Proceeding with installation, Once installation completes do not reboot, press the Continue Testing button.


Step 3 - Editing encryption settings and finalizing

Preparing chroot environment for freshly installed Linux Mint 18 Mate.

Mounting root2 volume:

Code: Select all

sudo mount /dev/mapper/vg1-root2 /mnt

Mounting boot partition dedicated to Linux Mint 18 Mate:

Code: Select all

sudo mount /dev/sda6 /mnt/boot

Mounting special devices:

Code: Select all

sudo mount --bind /dev /mnt/dev
sudo chroot /mnt mount -t proc proc /proc
sudo chroot /mnt mount -t sysfs sysfs /sys
sudo chroot /mnt mount -t devpts devpts /dev/pts

Creating the crypttab file:

Code: Select all

gksu xed /mnt/etc/crypttab

With the following content, save and exit:

Code: Select all

# <target name>	<source device> 	<key file> 	<options>
luks1 			/dev/sda7			none 		luks

Updating initrd, you can ignore the warning message:

Code: Select all

sudo chroot /mnt update-initramfs -u

Done, upon reboot grub menu should list three operating systems available for booting

[donalduck]

interesting

is this setup also good for other mint flavor, for example mint 17.3 ?
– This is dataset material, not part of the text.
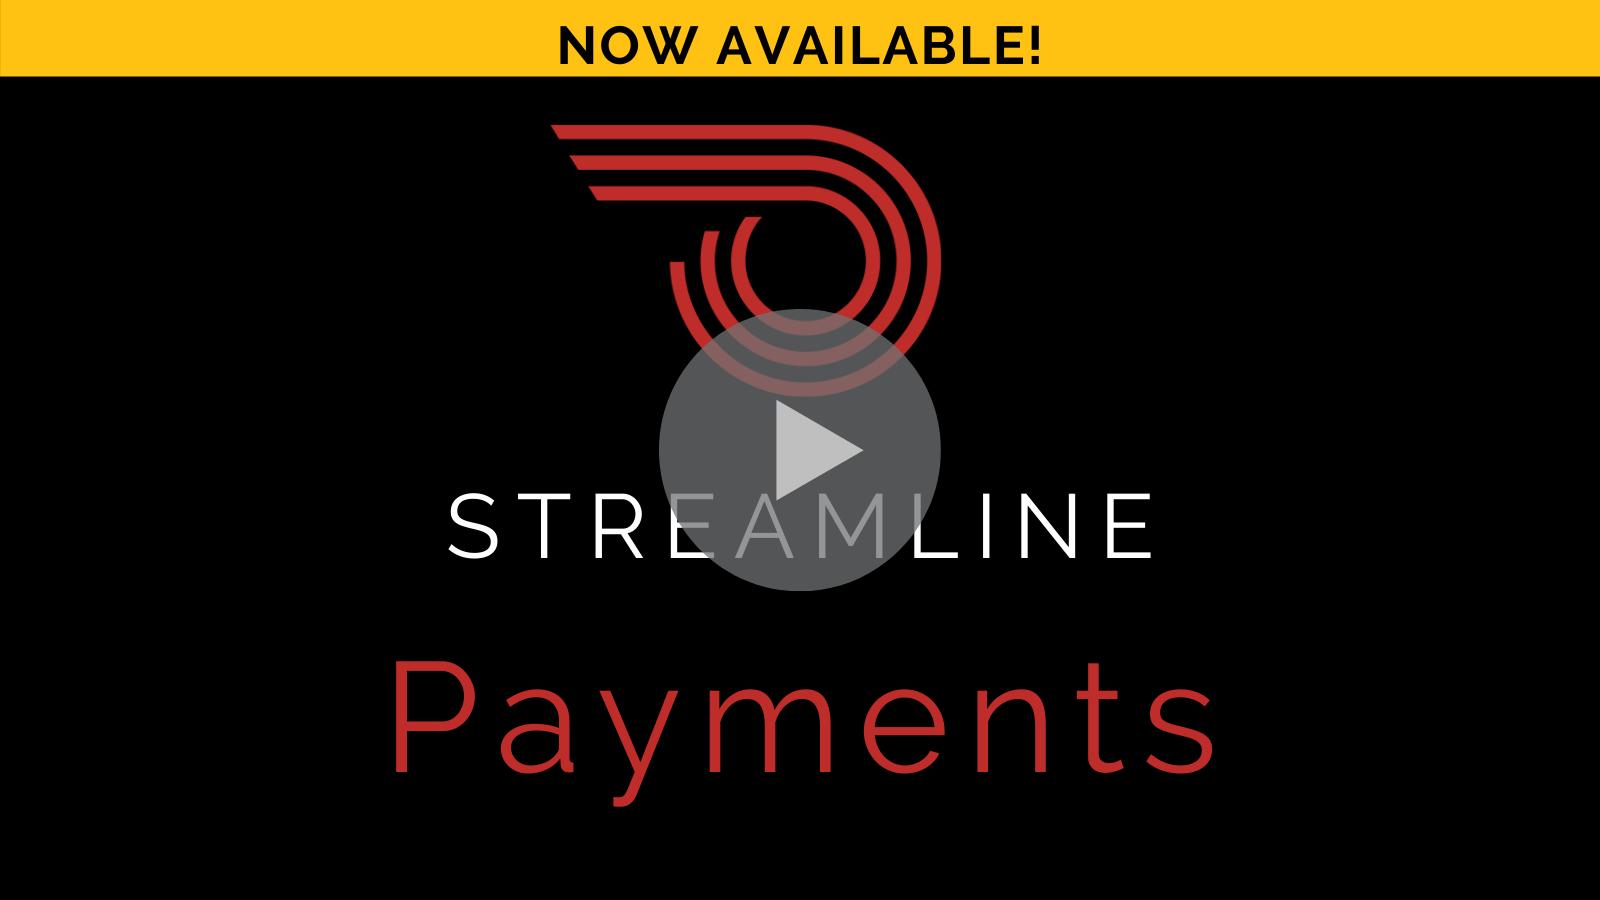 Streamline Payments Promo Demo 2 (3)

BTW I think there is a typo

Code: Select all

gksu xed /mnt/etc/crypttab

should be

Code: Select all

gksu xed /etc/crypttab

[Laurent85]

is this setup also good for other mint flavor, for example mint 17.3 ?

Yes, should work for any Linux Mint release 64 bit installed in EFI mode. Should also work in Legacy mode and for 32 bit releases, step 2 would sightly differ since not installing in EFI mode.

BTW I think there is a typo

Code: Select all

gksu xed /mnt/etc/crypttab

should be

Code: Select all

gksu xed /etc/crypttab

Nope, you need to set the encryption settings for the newly installed system mounted under /mnt, editing /etc/crypttab would only change the settings for the Live session, it's useless since upon reboot every change made regarding the Live session is lost.

[donalduck]

ah ok ok, thanks for the explanations.